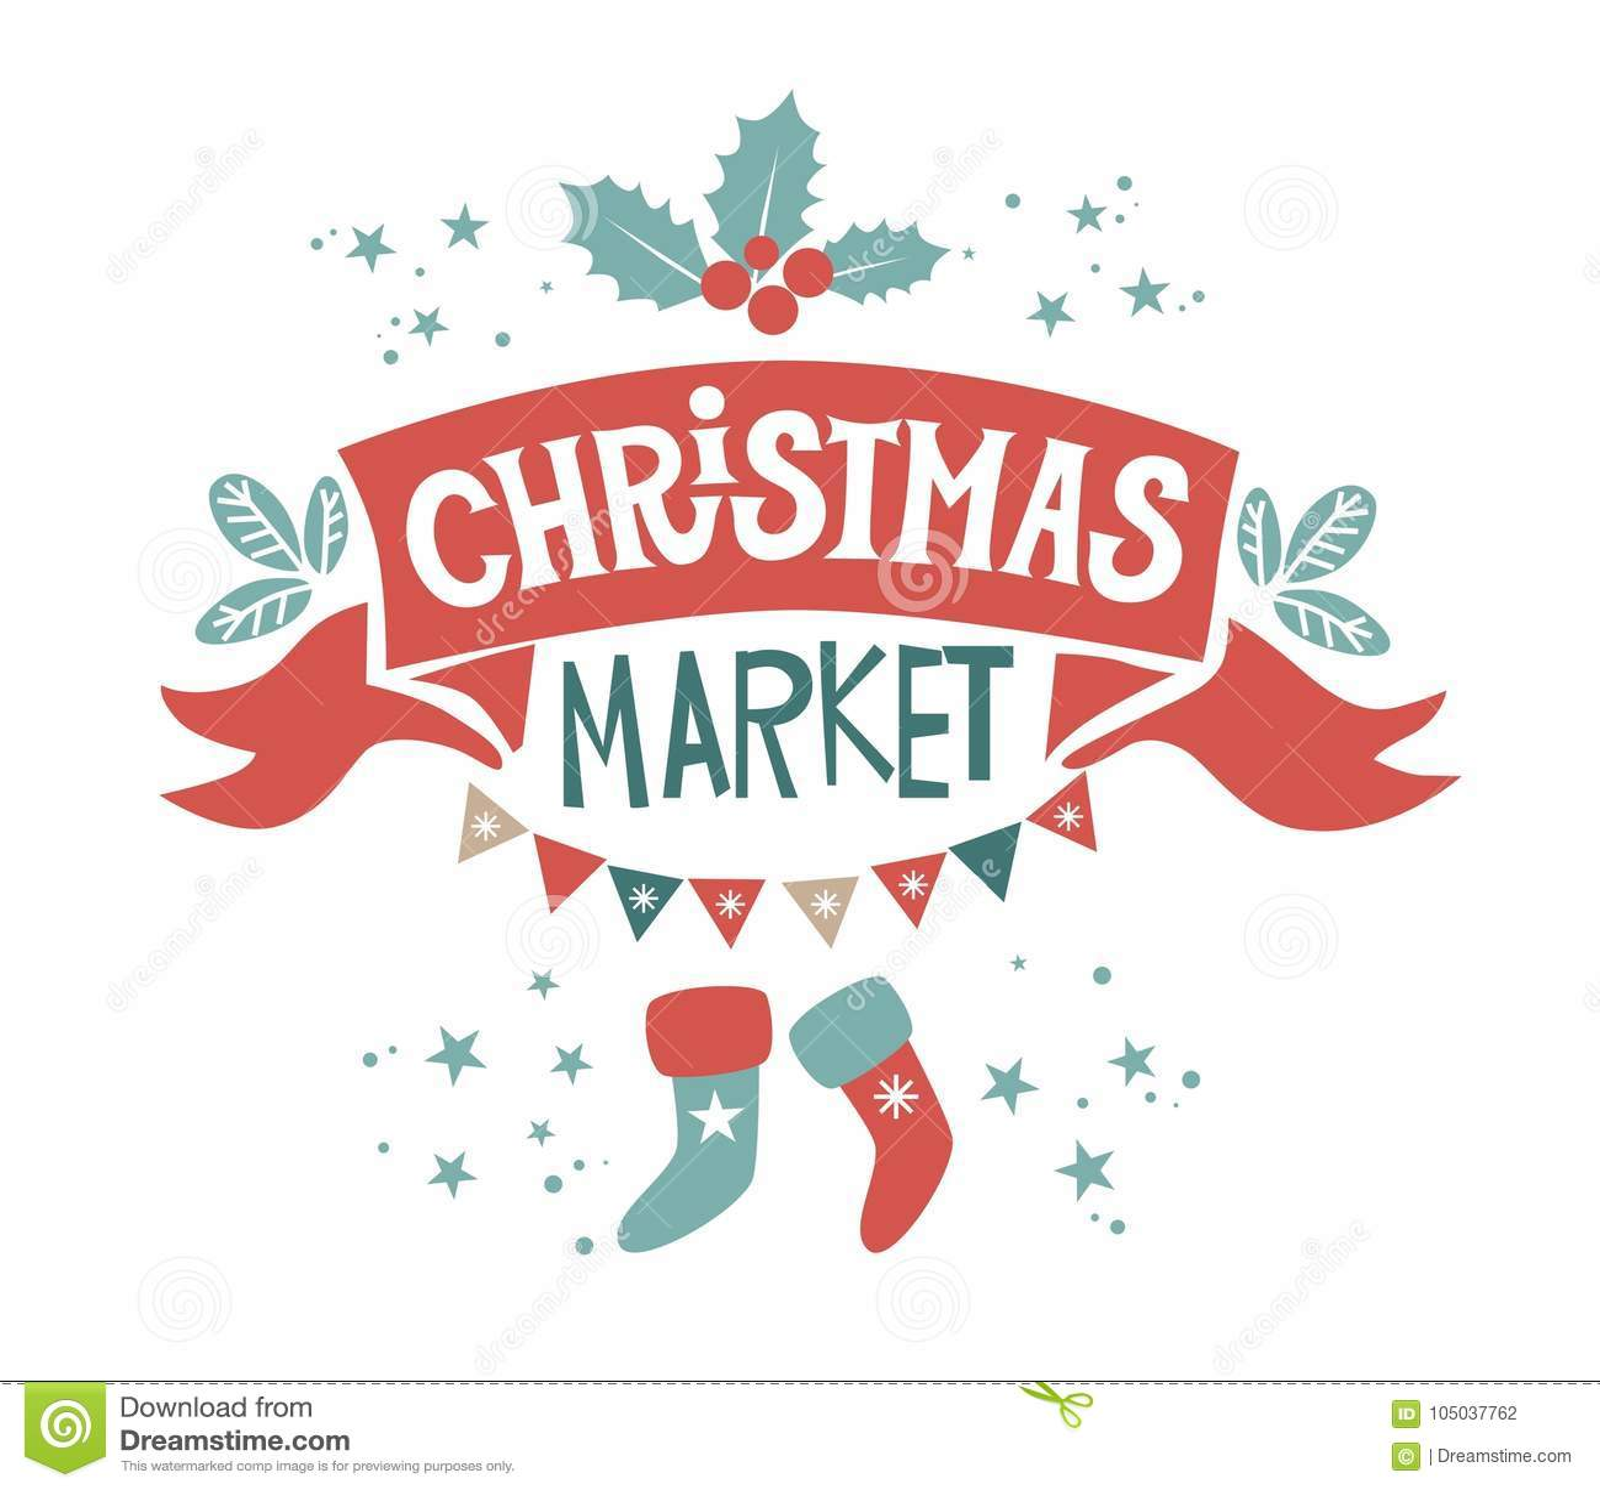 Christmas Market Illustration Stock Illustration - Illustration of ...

--

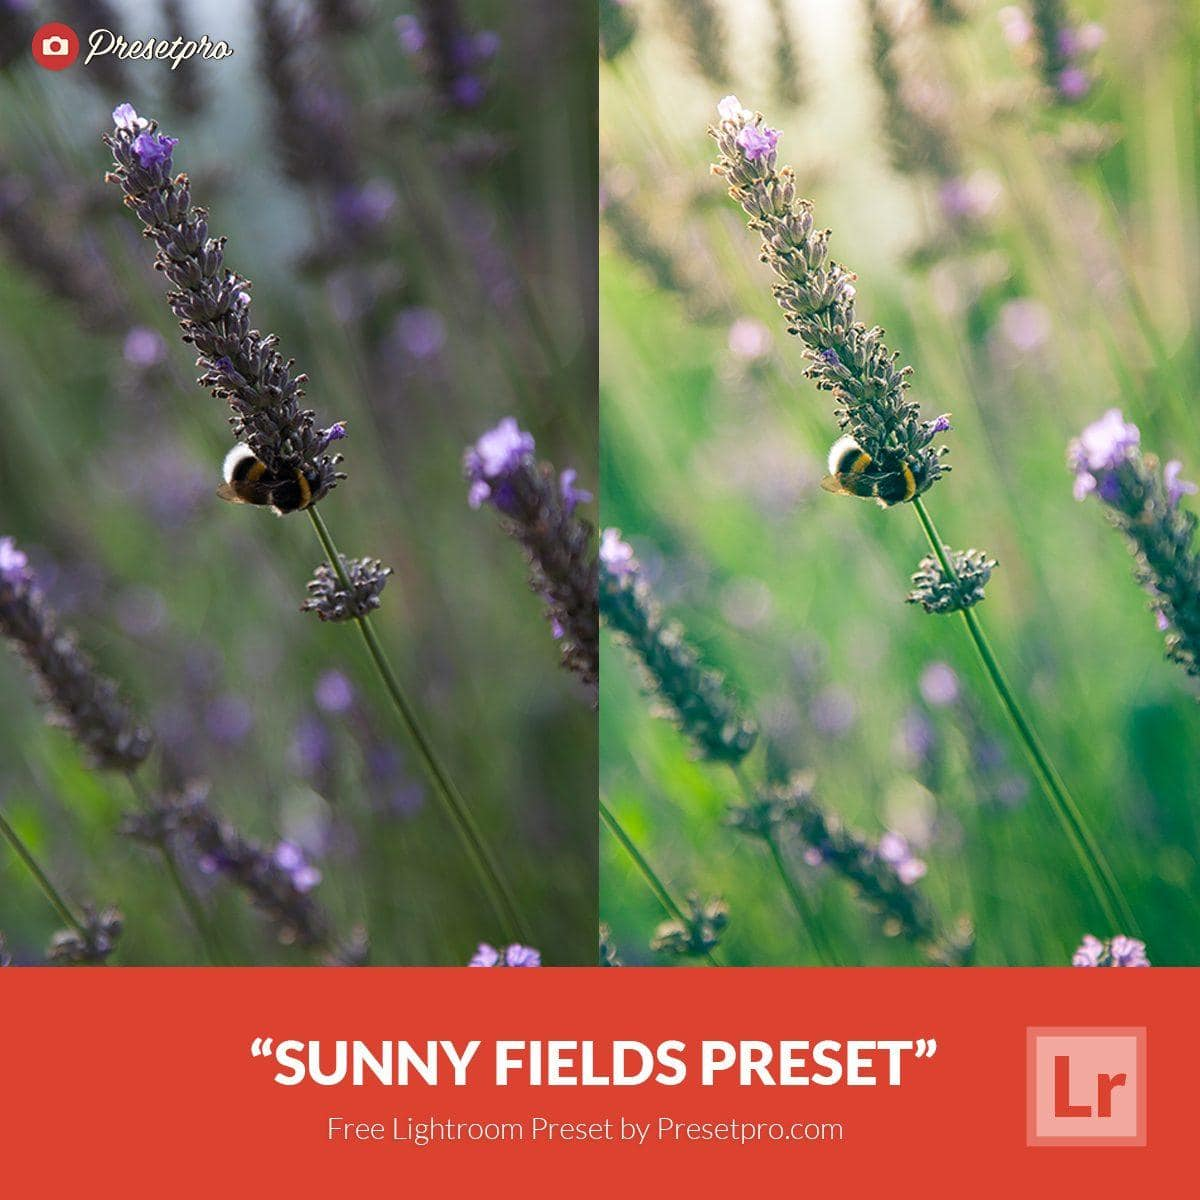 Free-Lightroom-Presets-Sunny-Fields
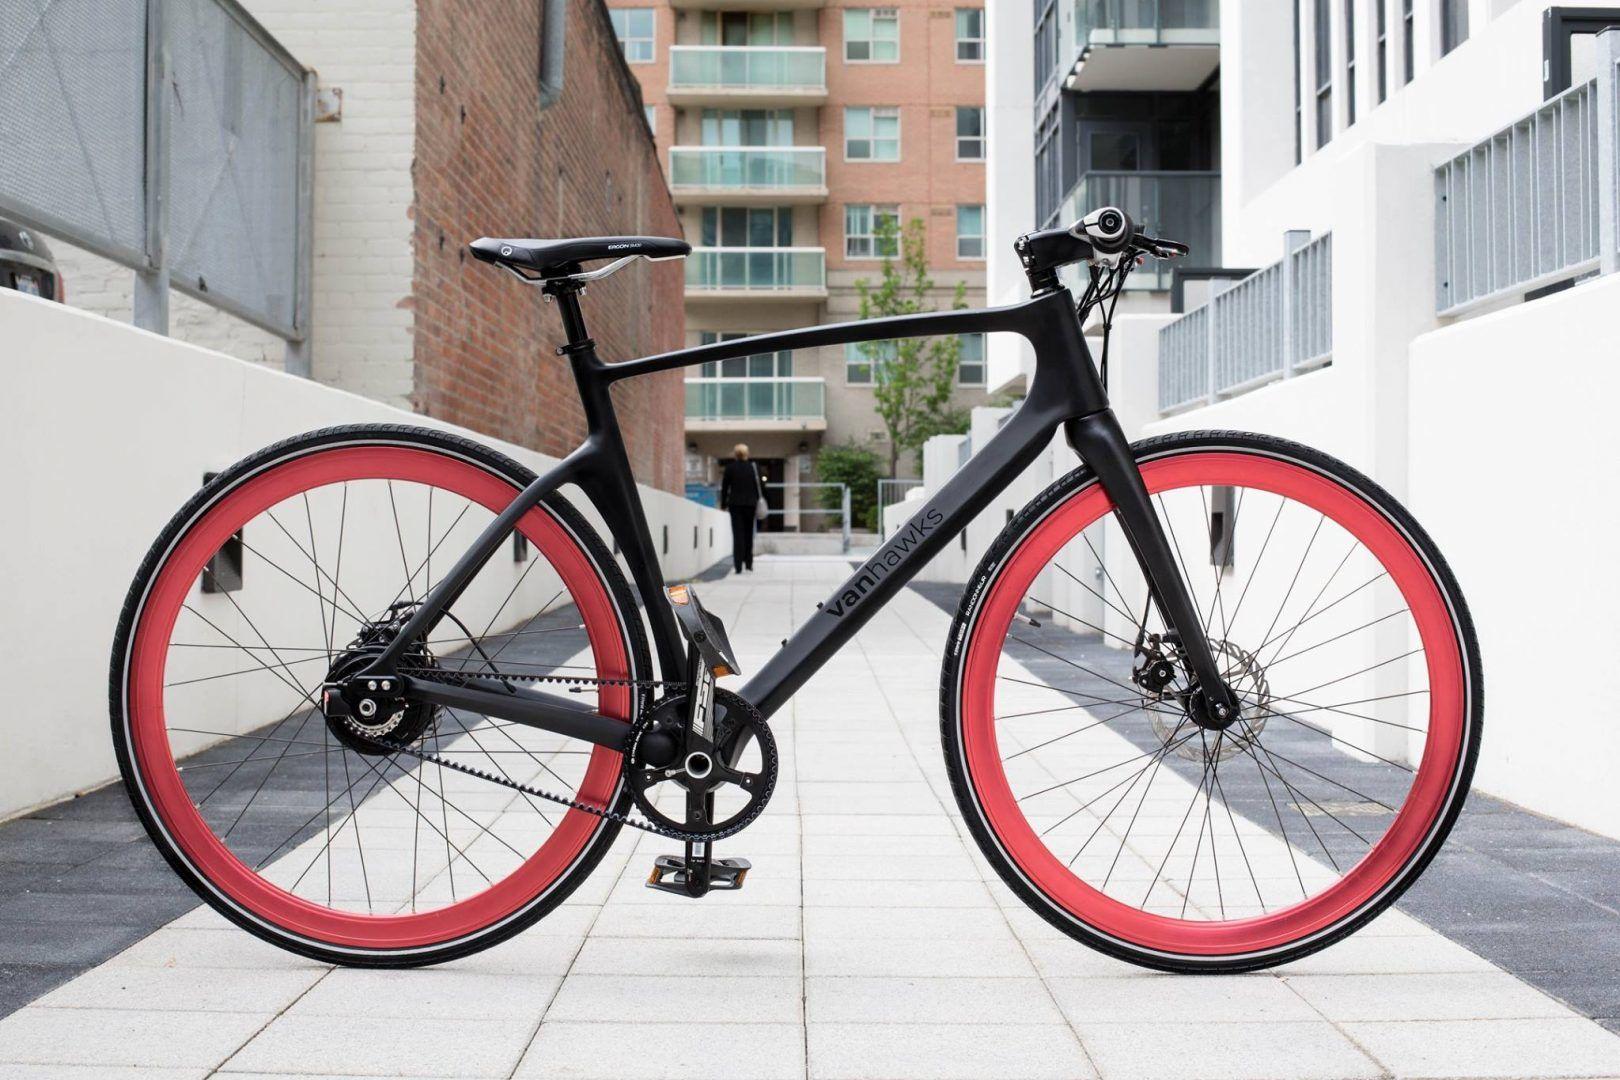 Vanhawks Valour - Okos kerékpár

To do =>
In the listing above, find the line with "Free-Lightroom-Presets-Sunny-Fields" and the line with "Vanhawks Valour - Okos kerékpár". Set down exactly those lines and everything between them, skipping pictures.

Your solution =>
 Free-Lightroom-Presets-Sunny-Fields
 Vanhawks Valour - Okos kerékpár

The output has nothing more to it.